The smart move? If you’re going to operate in Madagascar, ensure your structure is clean. Use local legal counsel who understands both the commercial code and enforcement realities on the ground. If you need to extract cash from the company, do it through legal channels—salary, dividends, documented loans. It takes more paperwork, but it keeps you out of prison.
What If You’re Already in Trouble?
If authorities have already started looking at your finances, or if creditors are making noise about lifting the corporate veil, you need specialized legal defense immediately. Don’t rely on a generic corporate lawyer. You need someone who understands both the criminal and civil dimensions of abus de biens sociaux in Madagascar.

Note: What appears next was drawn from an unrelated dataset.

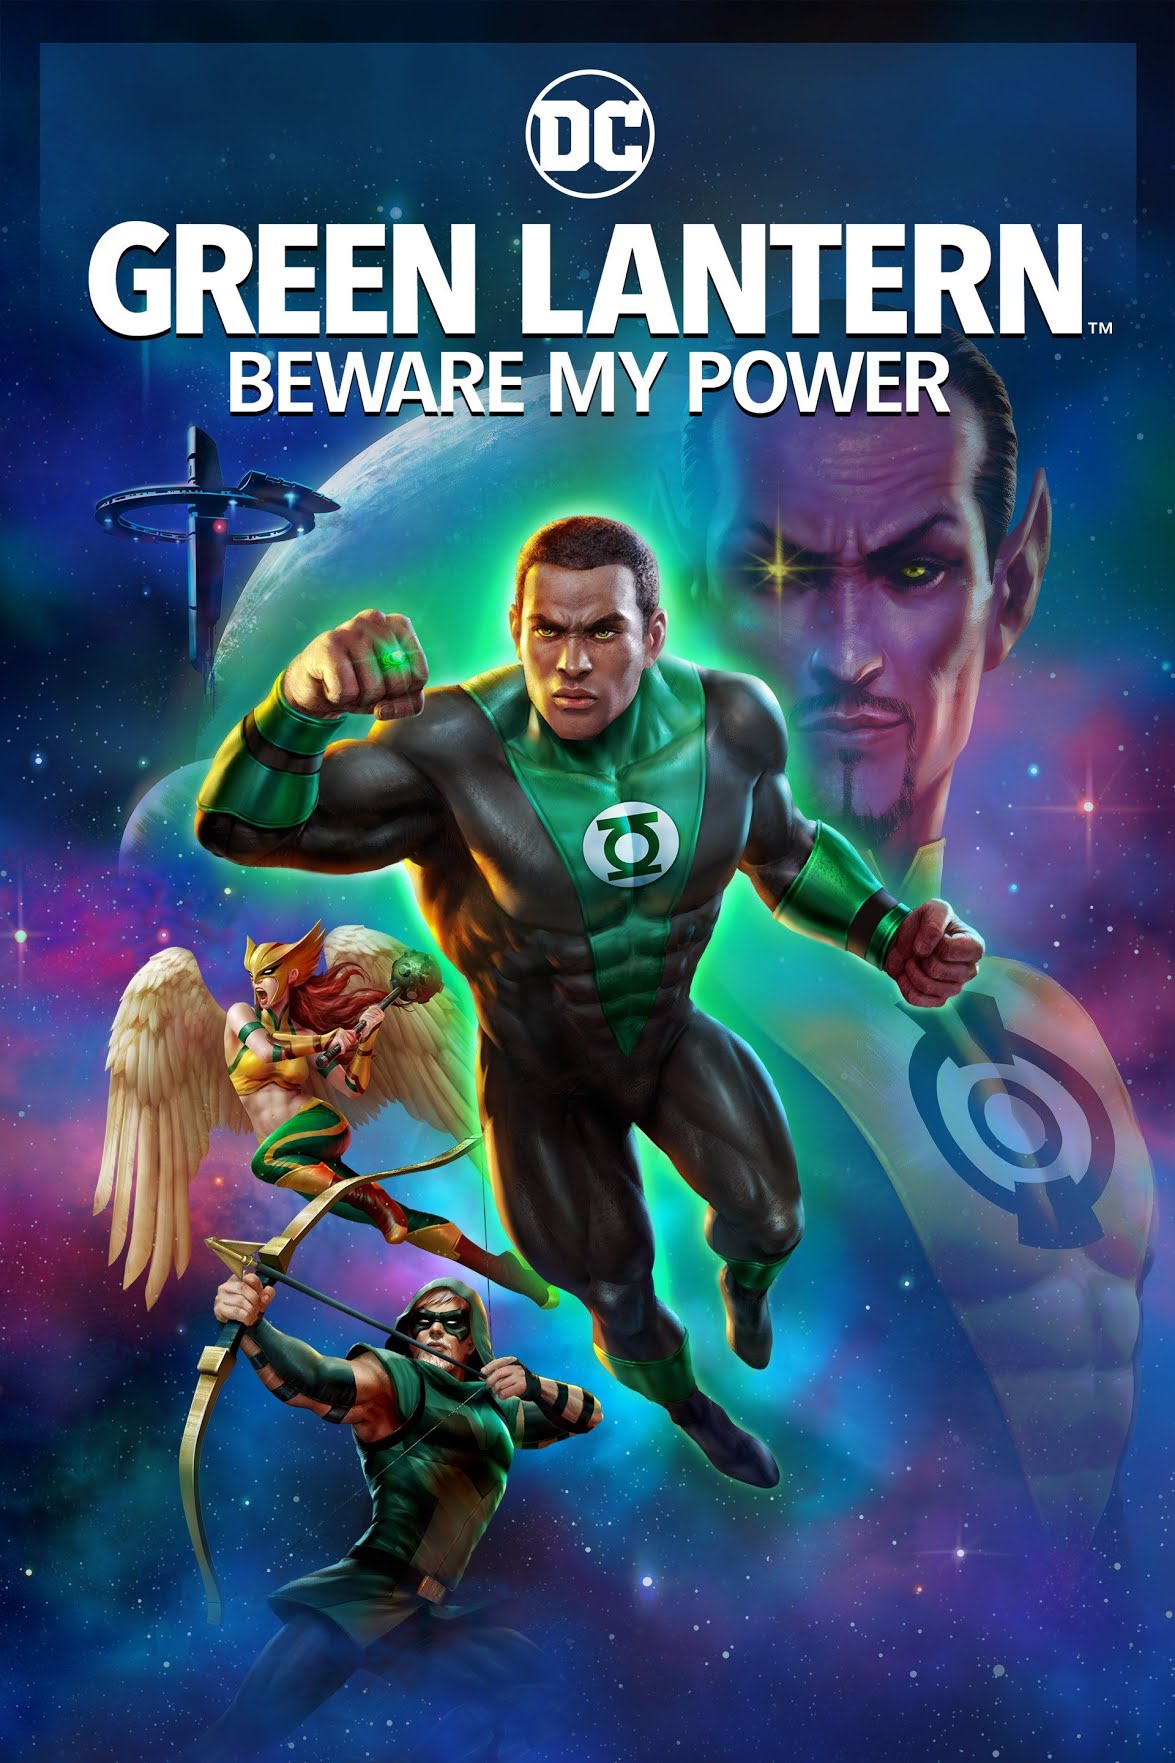 [ฝรั่ง] Green Lantern: Beware My Power (2022) กรีนแลนเทิร์น บีแว มาย เพาเวอร์ [1080p] [พากย์อังกฤษ 5.1] [Soundtrack บรรยายไทย + อังกฤษ] [เสียงอังกฤษ + ซับไทย] [USERLOAD]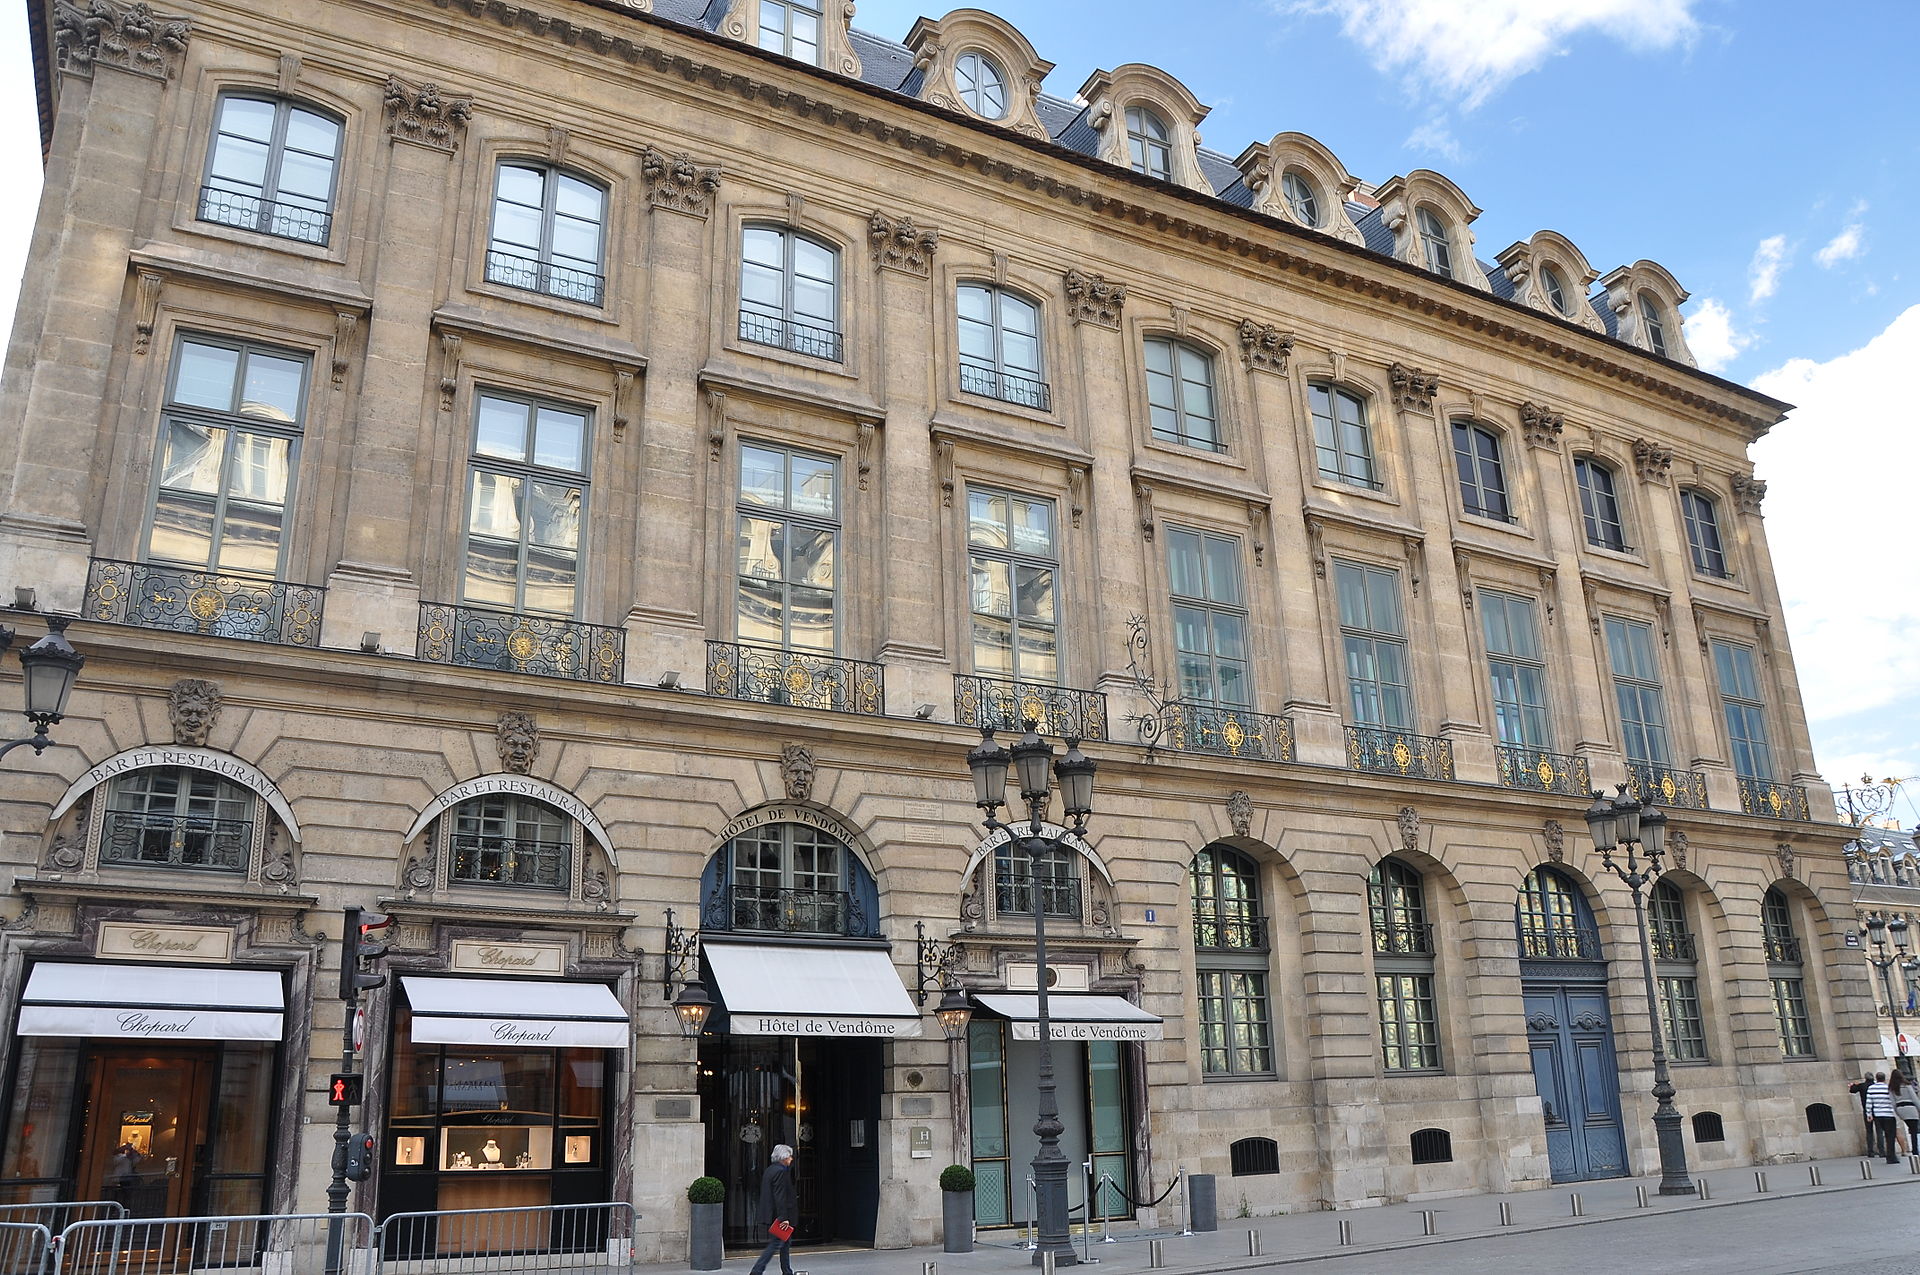 瑞士奢侈腕表珠宝品牌 Chopard 收购巴黎旺多姆酒店 Hôtel de Vendôme

And for those thinking they can just leave the country and ignore it—Madagascar has mutual legal assistance treaties and participates in international enforcement mechanisms. Running might delay consequences, but it rarely eliminates them. Better to address the issue head-on with competent representation.
My Take
Madagascar’s approach to misuse of corporate assets is actually pretty standard for jurisdictions influenced by French commercial law. It’s not draconian, but it’s not a joke either. The penalties are real, and the principle—that corporate assets belong to the company, not to you personally—is enforced.
If you structure correctly, this law shouldn’t scare you. It should just inform how you manage the corporate entity. Treat the company as a separate legal person, maintain clean records, and extract value through legitimate mechanisms. Do that, and Article 931 remains an abstract threat to someone else, not a personal problem.
I am constantly auditing these jurisdictions. If you have recent official documentation, case law, or enforcement statistics for corporate asset misuse in Madagascar, please send me an email or check this page again later, as I update my database regularly. The more data I collect, the better I can help people navigate these systems without stepping on landmines.
Stay sharp. The world is full of opportunity, but only for those who understand the rules well enough to work around them legally.